Mailing List Archive

svn commit: rev 36121 - spamassassin/trunk/masses
Author: hstern
Date: Mon Aug 9 10:47:08 2004
New Revision: 36121

Modified:
spamassassin/trunk/masses/runGA
Log:
* runGA
Saved the training and test sets, as per Justin's request.

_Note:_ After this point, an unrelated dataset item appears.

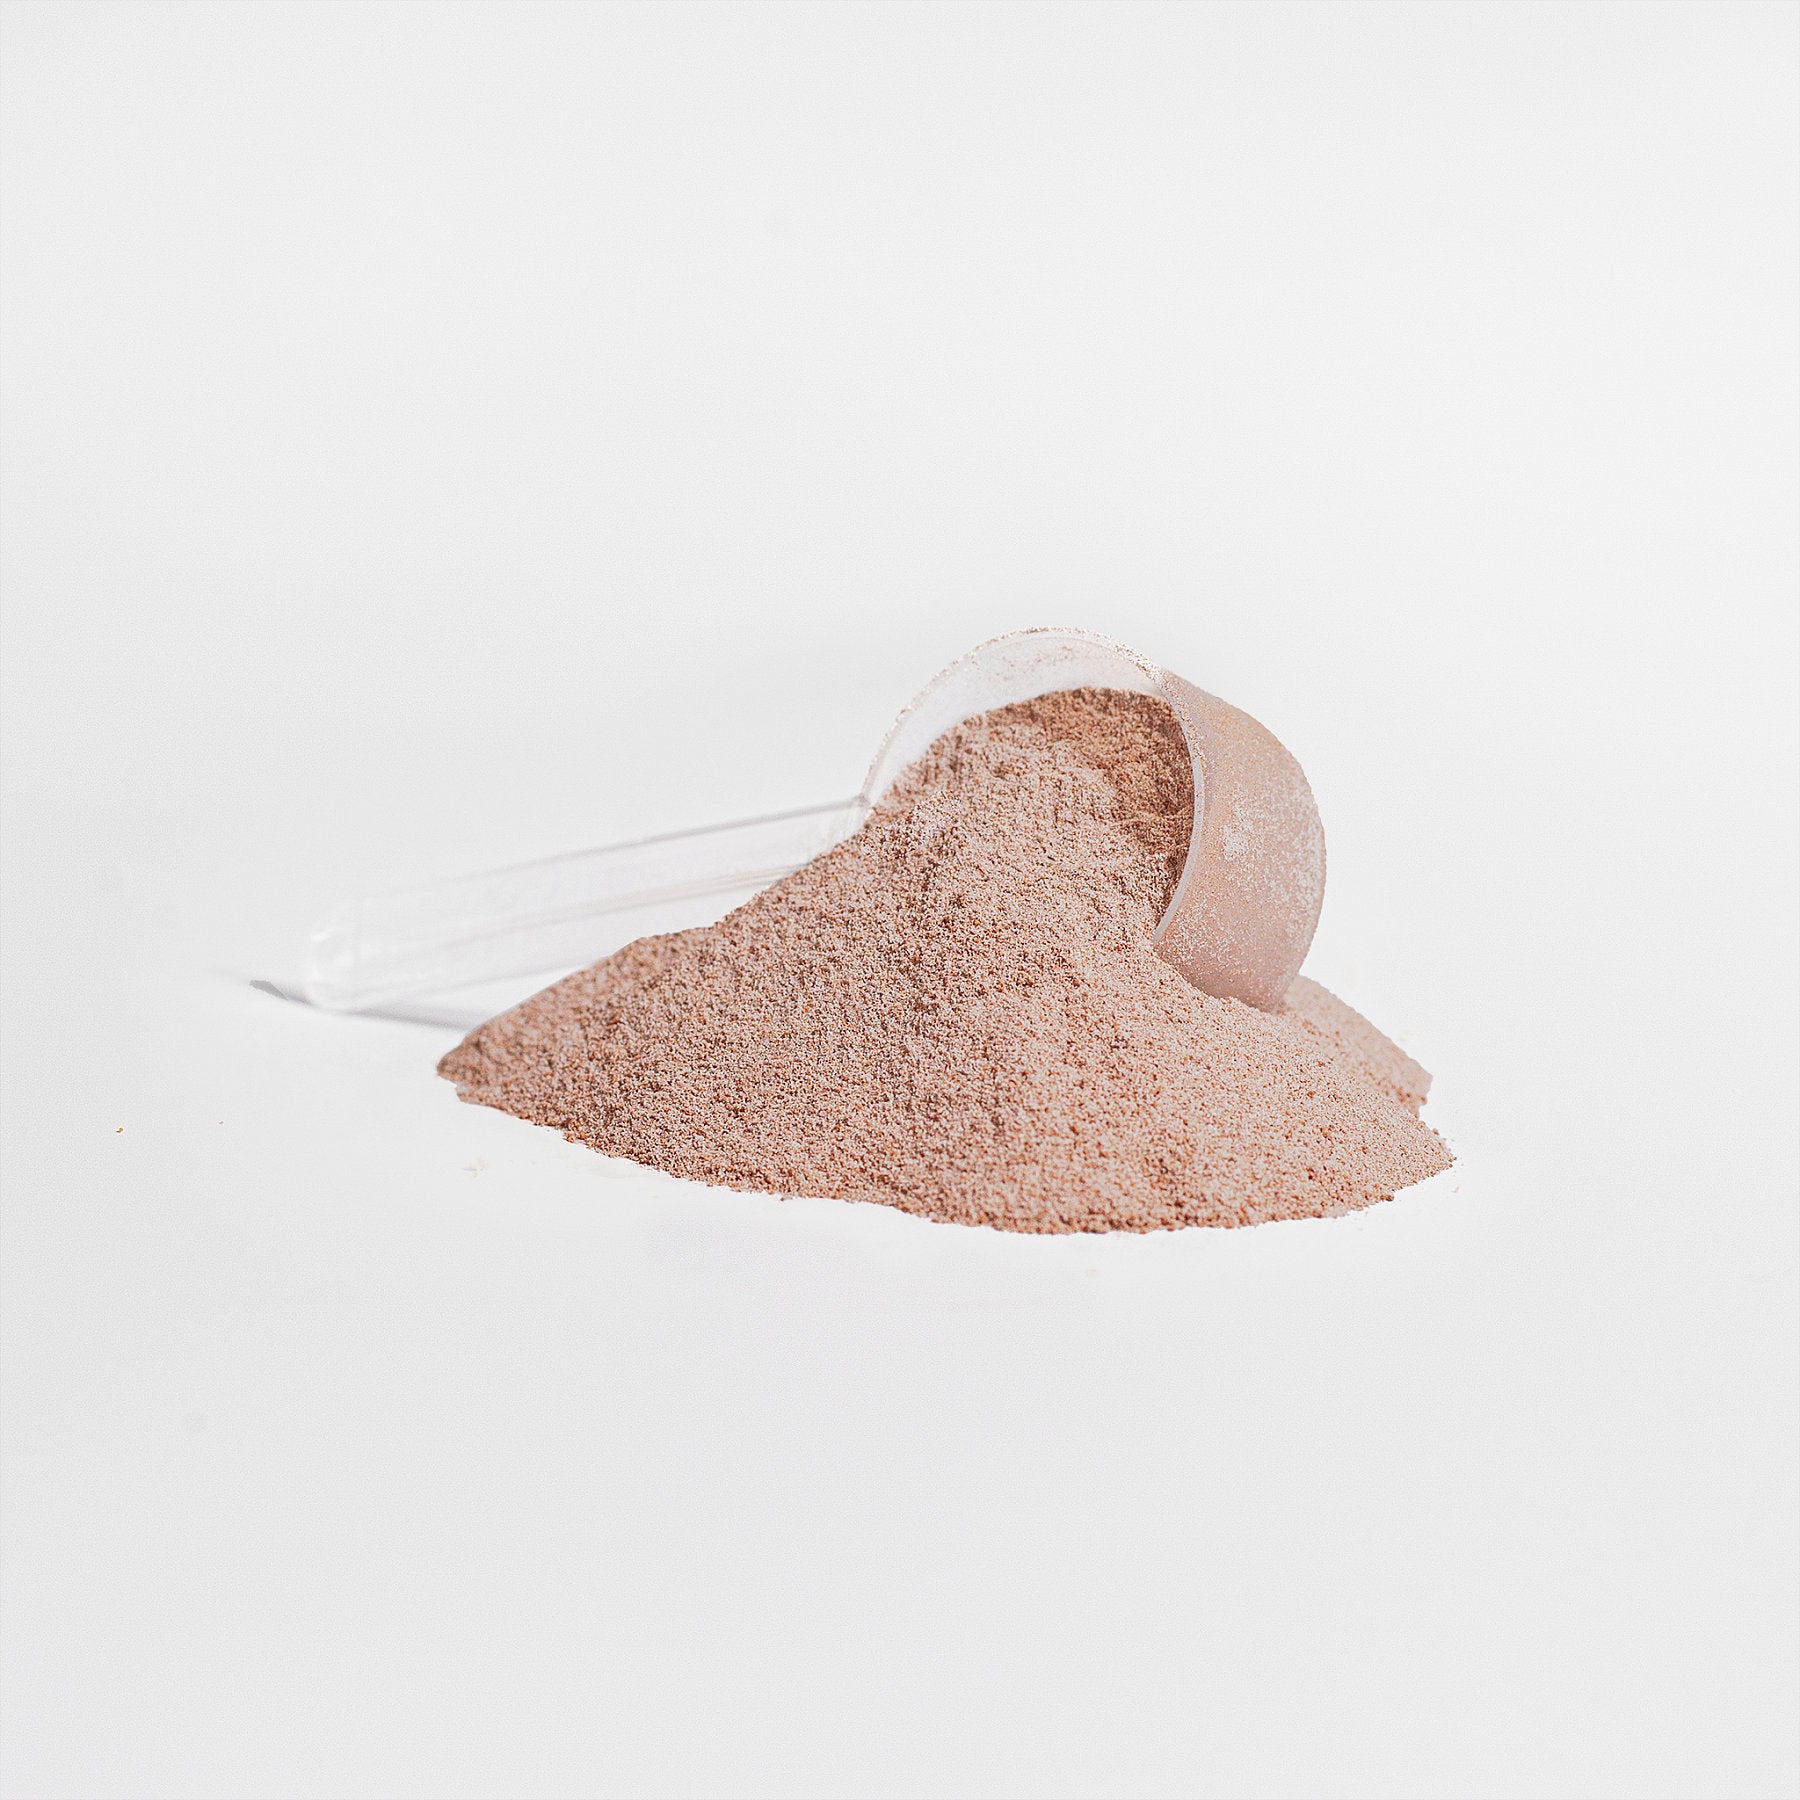 BioGain Grass-Fed Hydrolized Collagen Peptides Powder (Chocolate)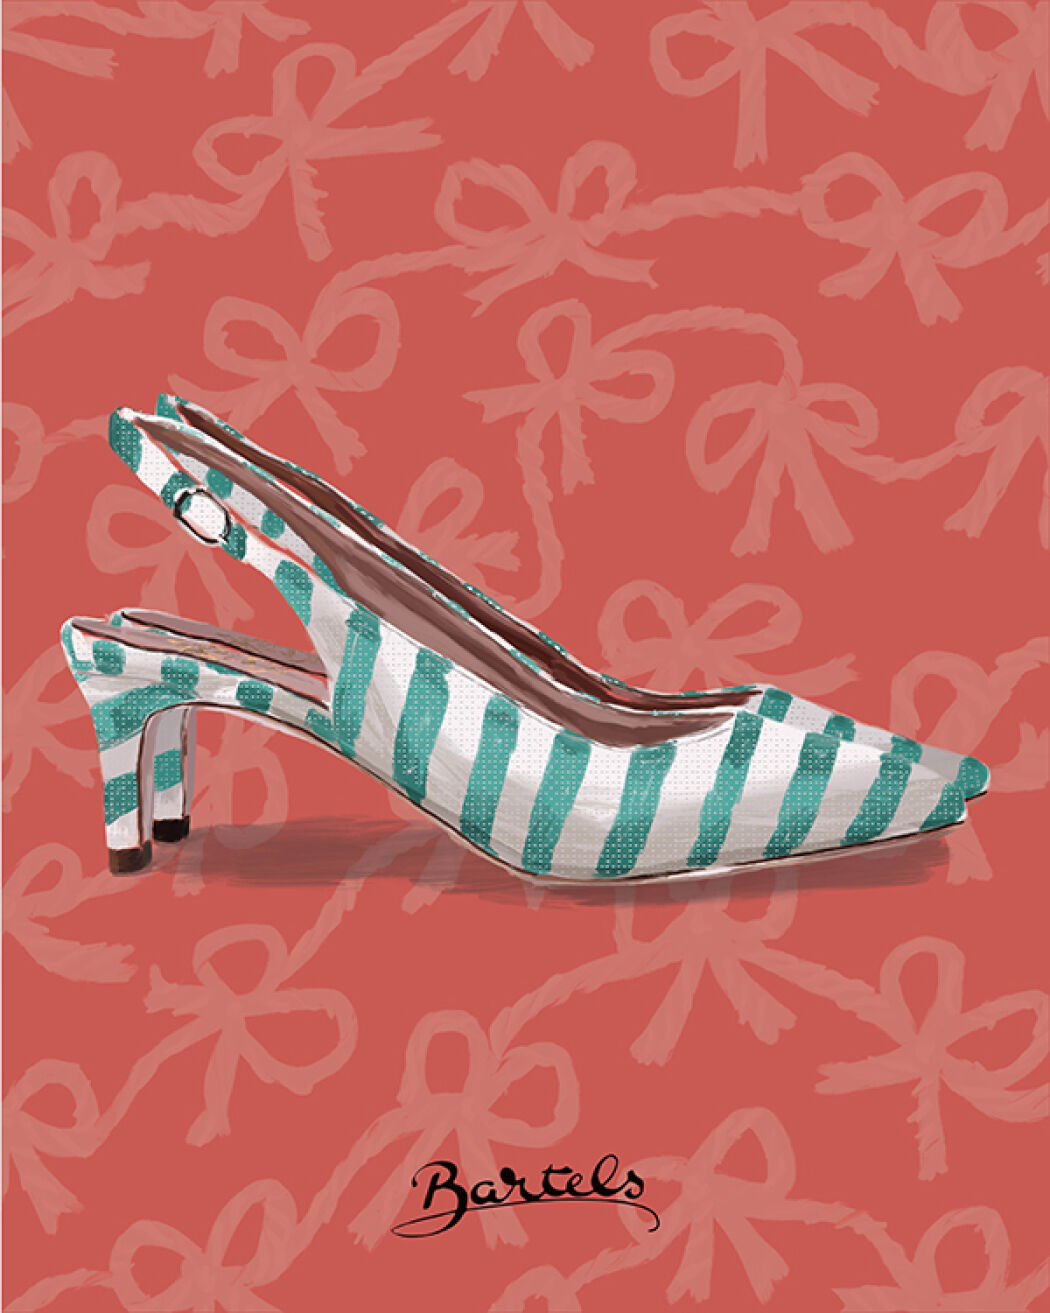 Fashion illustration by Christina Gliha for Bartels Shoe brand campaign

Modified: spamassassin/trunk/masses/runGA
==============================================================================
--- spamassassin/trunk/masses/runGA (original)
+++ spamassassin/trunk/masses/runGA Mon Aug 9 10:47:08 2004
@@ -33,27 +33,27 @@

# Generate 90/10 split logs
echo "[Generating 90/10 split ham]"
-mkdir NSBASE SPBASE
-cd NSBASE
-../tenpass/split-log-into-buckets-random 10 < ../ORIG/ham-$NAME.log > /dev/null
+mkdir $LOGDIR/NSBASE $LOGDIR/SPBASE
+cd $LOGDIR/NSBASE
+../../tenpass/split-log-into-buckets-random 10 < ../../ORIG/ham-$NAME.log > /dev/null
cat split-[1-9].log > ham.log
rm -f split-[1-9].log
mv split-10.log ham-test.log

echo "[Generating 90/10 split spam]"
cd ../SPBASE
-../tenpass/split-log-into-buckets-random 10 < ../ORIG/spam-$NAME.log > /dev/null
+../../tenpass/split-log-into-buckets-random 10 < ../../ORIG/spam-$NAME.log > /dev/null
cat split-[1-9].log > spam.log
rm -f split-[1-9].log
mv split-10.log spam-test.log
-cd ..
+cd ../..

echo "[Setting up for gen run]"
# Ok, setup for a run
-ln -s SPBASE/spam.log .
-ln -s NSBASE/ham.log .
-ln -s SPBASE/spam-test.log .
-ln -s NSBASE/ham-test.log .
+ln -s $LOGDIR/SPBASE/spam.log .
+ln -s $LOGDIR/NSBASE/ham.log .
+ln -s $LOGDIR/SPBASE/spam-test.log .
+ln -s $LOGDIR/NSBASE/ham-test.log .

# try to find number of processors
numcpus=`cpucount 2>/dev/null || egrep -c '^processor\b' /proc/cpuinfo 2>/dev/null || echo 1`
@@ -81,8 +81,8 @@

# This needs to have 50_scores.cf in place first ...
echo "[gen test results]"
-./logs-to-c --spam=SPBASE/spam-test.log \
- --ham=NSBASE/ham-test.log \
+./logs-to-c --spam=spam-test.log \
+ --ham=ham-test.log \
--count --cffile=../rules --scoreset=$SCORESET | tee $LOGDIR/test

echo "[STATISTICS file generation]"